■ WHAT NEEDS TO BE DONE ■
Repeat every line of the data exactly, but not the pictures.

───── DATA SEGMENT

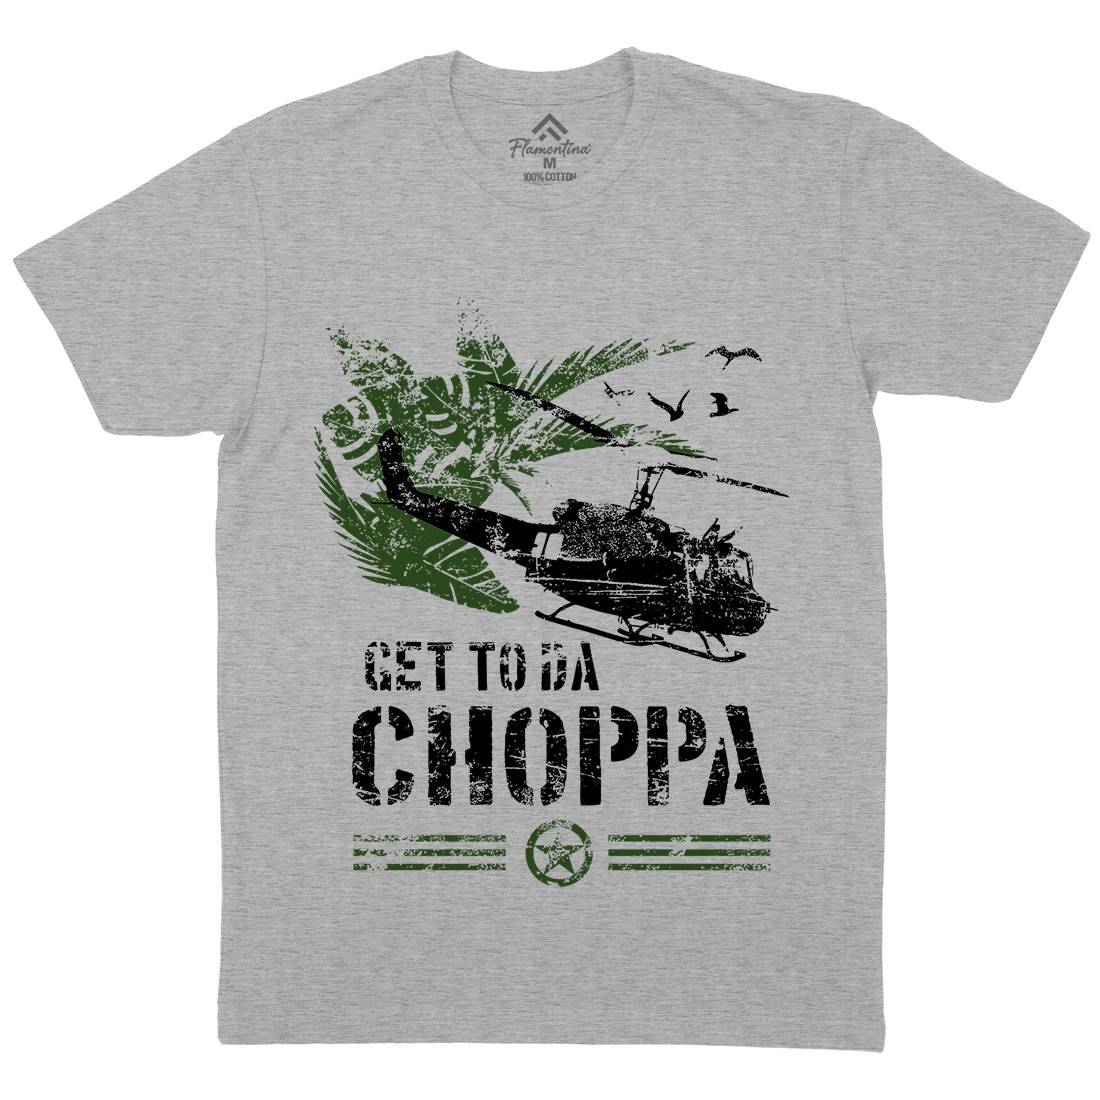 Get To The Chopper Mens Organic Crew Neck T-Shirt Army D235
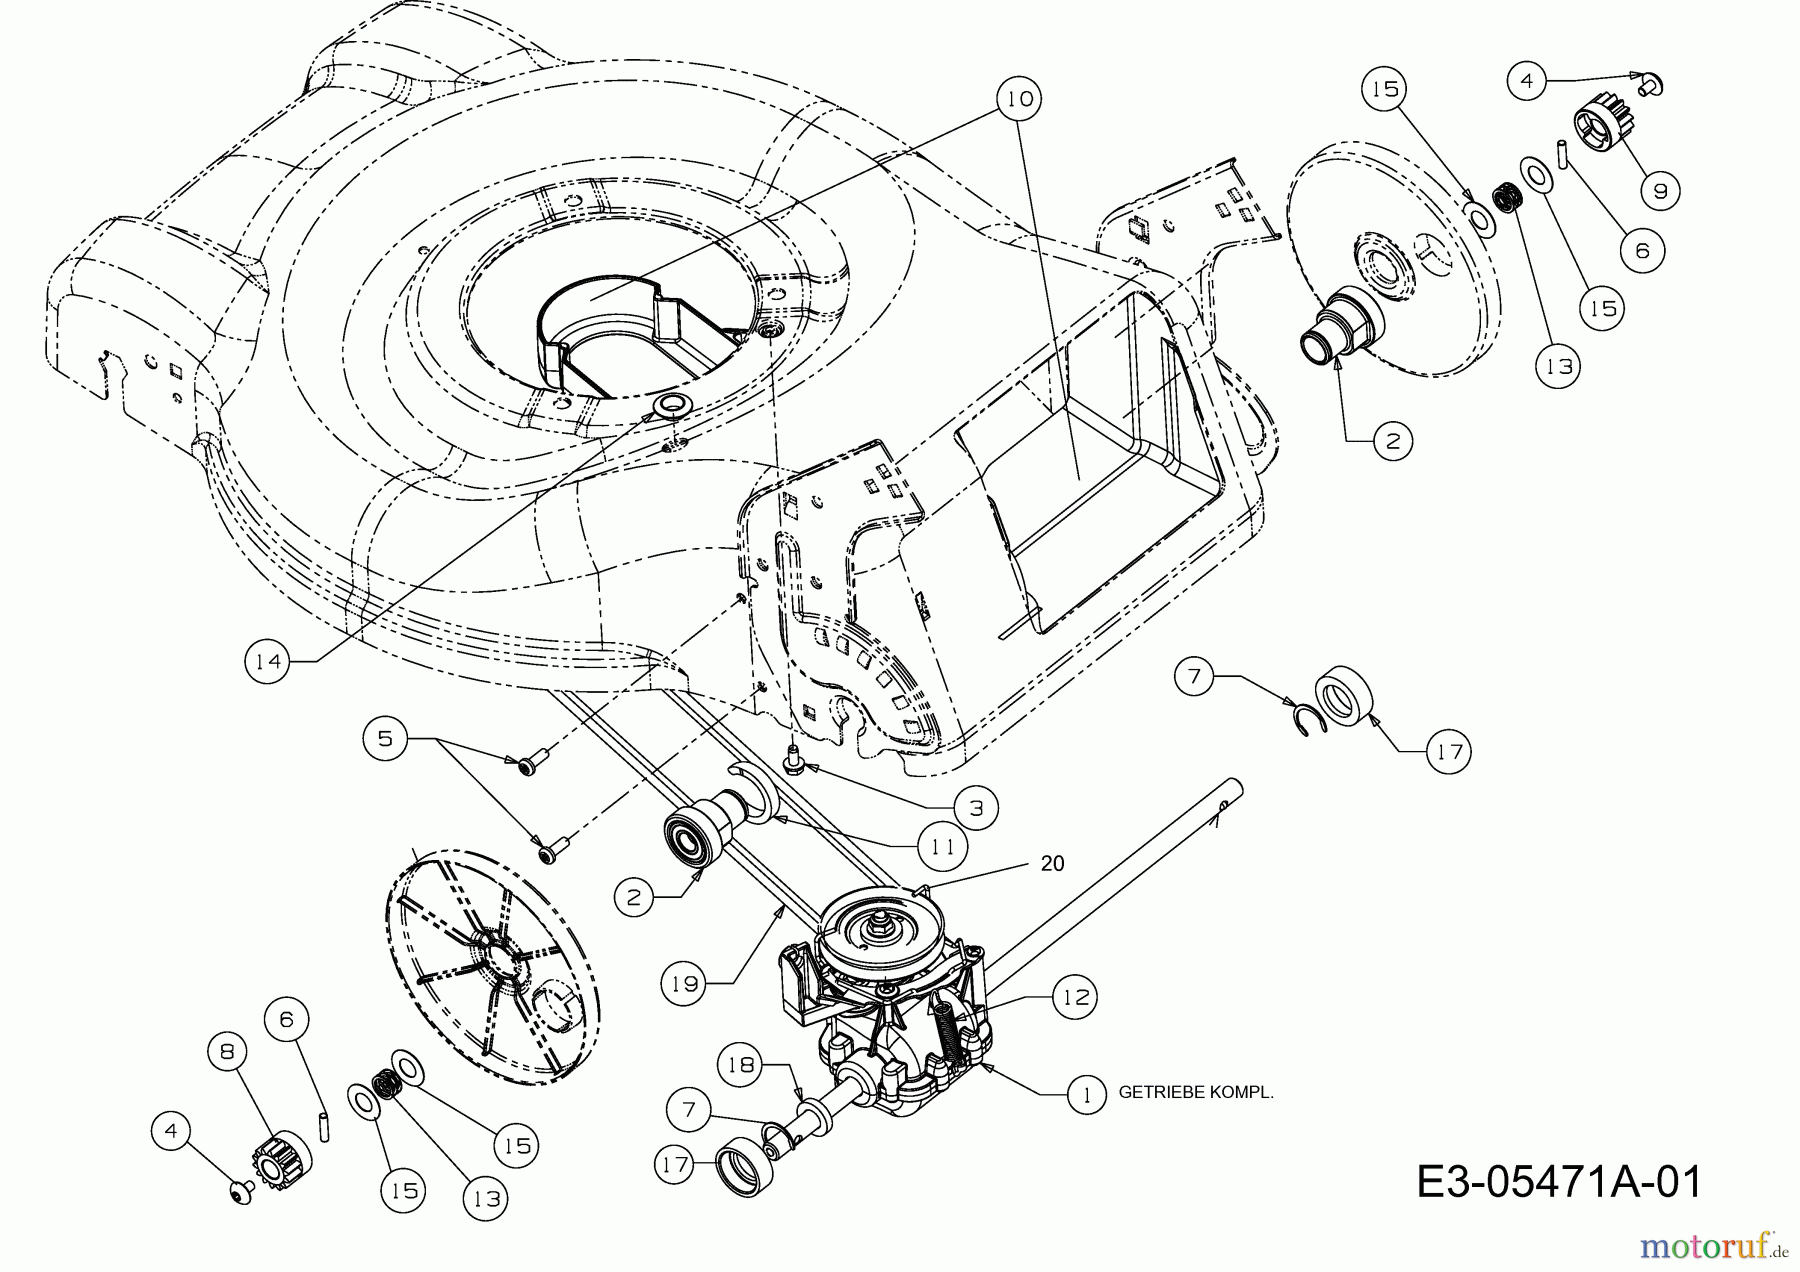  MTD Motormäher mit Antrieb GL 46 SPO 12E-J5M2676  (2011) Getriebe
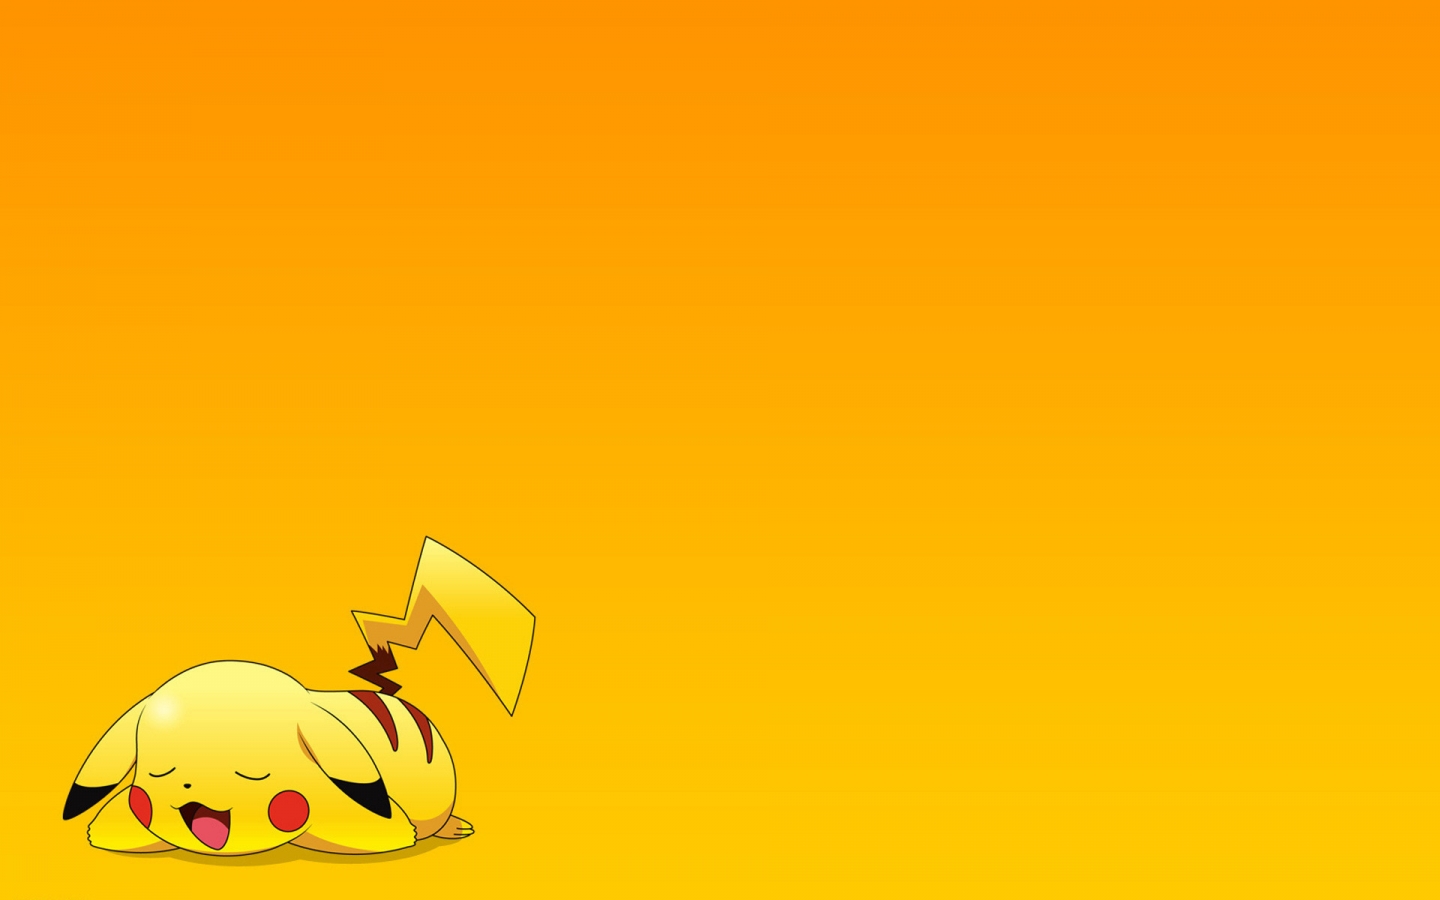 Pikachu for 1440 x 900 widescreen resolution

──────────

■ EXERCISE RESULT ■
 Get To The Chopper Mens Organic Crew Neck T-Shirt Army D235
  MTD Motormäher mit Antrieb GL 46 SPO 12E-J5M2676  (2011) Getriebe
 Pikachu for 1440 x 900 widescreen resolution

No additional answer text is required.